Now, let's turn to revenues and savings. Since the bulk of money that is earned is spent, thereby becoming someone else's revenue, what is called the "income multiplier" has to be considered. For the United States it is estimated to be just over 2.0 (and likely higher for the working poor). It follows that for expenditures of $250 billion, Gross Domestic Product should rise by at least $500 billion. If only 15% of this is returned in taxes (a low estimate), then we should recoup $75 billion right off. Another obvious candidate for savings is less expenditure on unemployment insurance. This could save about half of our current outlays, or around $10 billion a year.

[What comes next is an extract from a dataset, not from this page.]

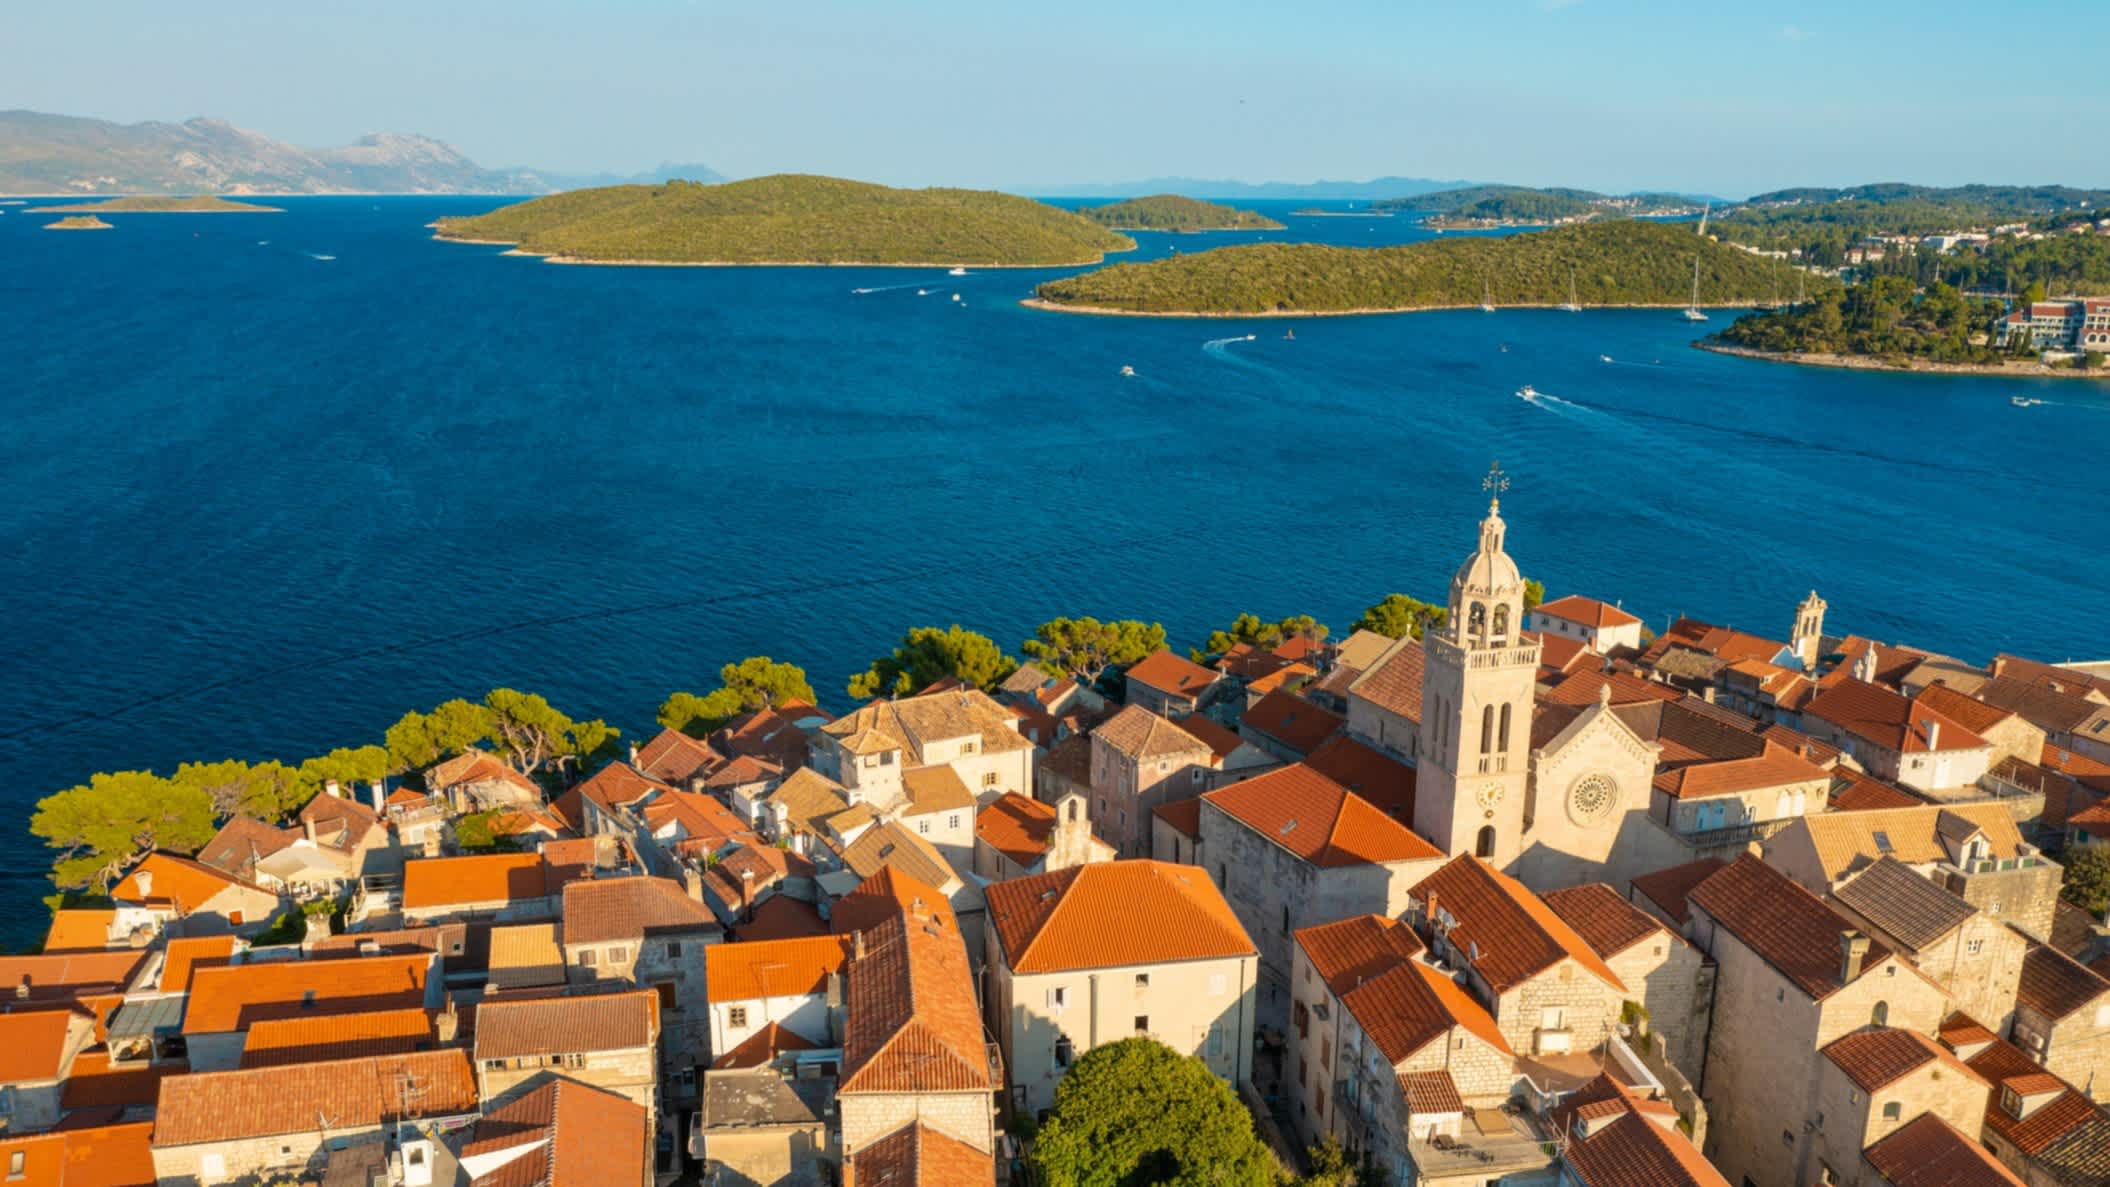 Luftaufnahme der Stadt Korcula auf der Insel Korcula, Adria, Kroatien

Likewise, the Earned Income Tax Credit will be less heavily drawn upon, so this might save another $10 billion. Now, we need another $155 billion.

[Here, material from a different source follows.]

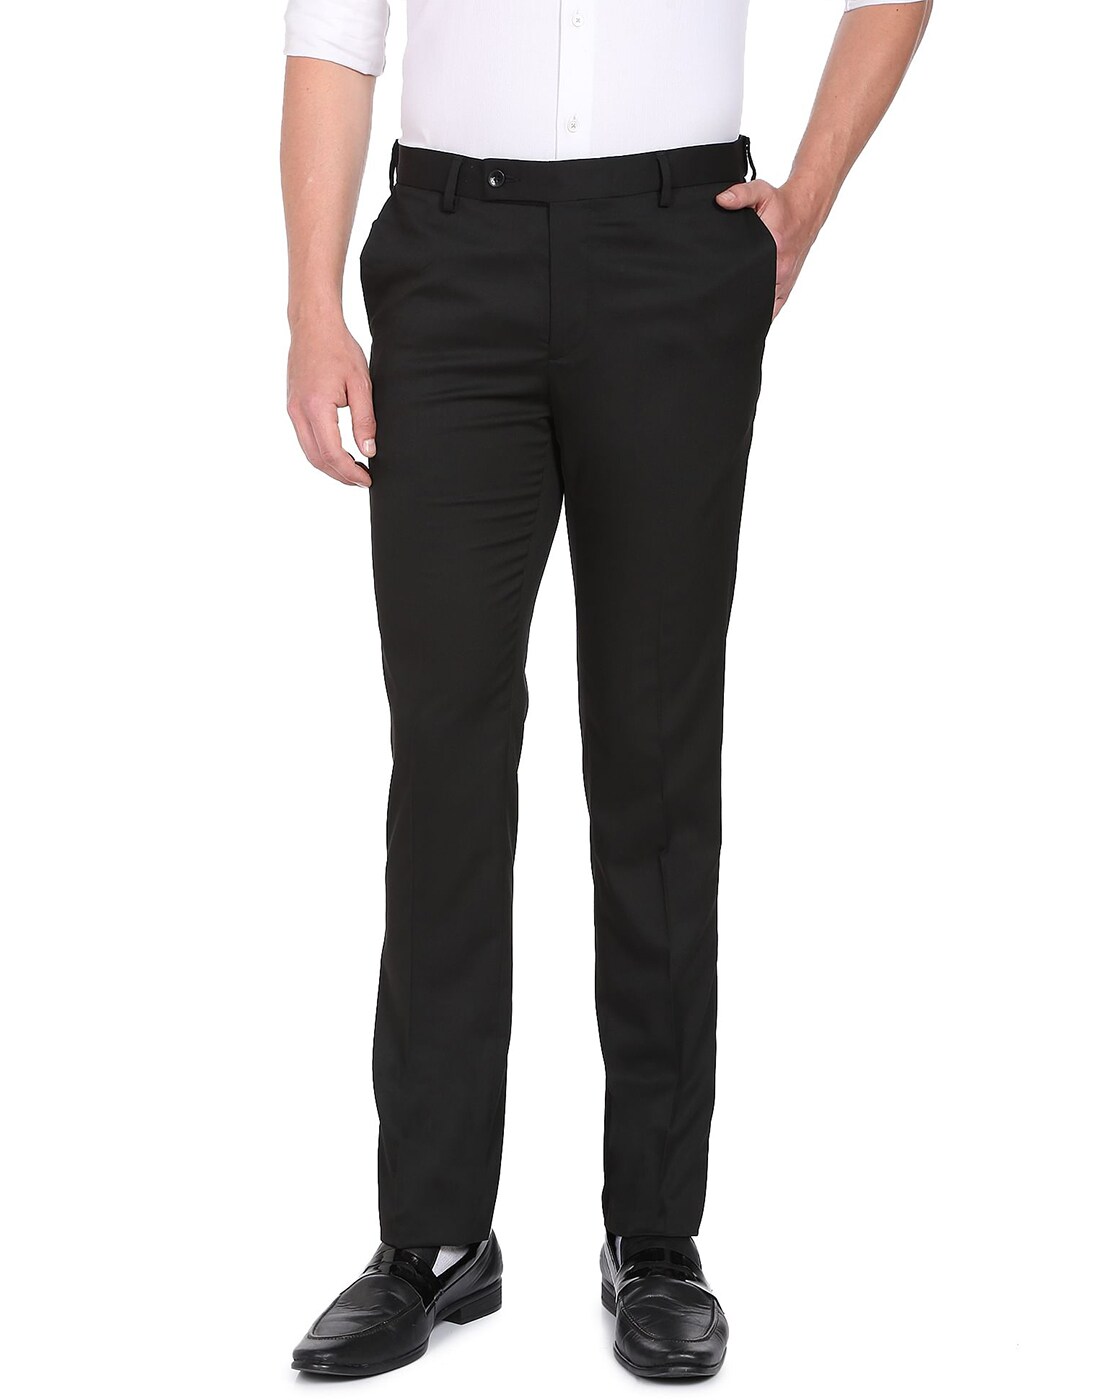 Buy Beige Trousers  Pants for Men by ARROW Online  Ajiocom

Personally, I would ditch the Wars in Iraq and Af-Pak. Expense-wise these wars are, as a matter of principle and practice, grossly underestimated by the government. Even a low-end estimate suggests savings of $500 billion a year. But, it appears that Obama's new-found Washington friends really like these wars, so I guess we are stuck with them even if the voters want out. But do we really need 20,000 troops in Kuwait, Qatar and Bahrain? After all, nothing is going on in the first two countries and the Saudis are successfully suppressing Democracy in the latter without any help on our part. I'll bet that there is at least $50 billion to be saved by ending these expenses. And the 36,000 troops in Okinawa? Hey, World War II is so over! The residents of that island have been begging us to leave for some decades, so let's oblige them. As Japan actually subsidizes their stay, my guess is that this will only save another $40 billion. What of Fed-directed bank bailouts, guarantees, back-door subsidies and -- since 2008 -- the interest the Fed now pays banks for the reserves that they formerly held in interest-free accounts? We know the Fed has a long history of concealing or misrepresenting the cost of such giveaways, but they should be at least another $60 billion, and could easily be much more. So, lets add all of these up, 75 + 10 + 10 + 50 + 40 + 60 = $245 billion, and given that all my revenue numbers are deliberate underestimates, this program appears to be very affordable. Any remaining problem, then, can only be attributed to political will.


Robert E. Prasch is Professor of Economics at Middlebury College where he teaches courses on Monetary Theory and Policy, Macroeconomics, American Economic History, and the History of Economic Thought. His latest book is How Markets Work: Supply, Demand and the 'Real World' (Edward Elgar, 2008).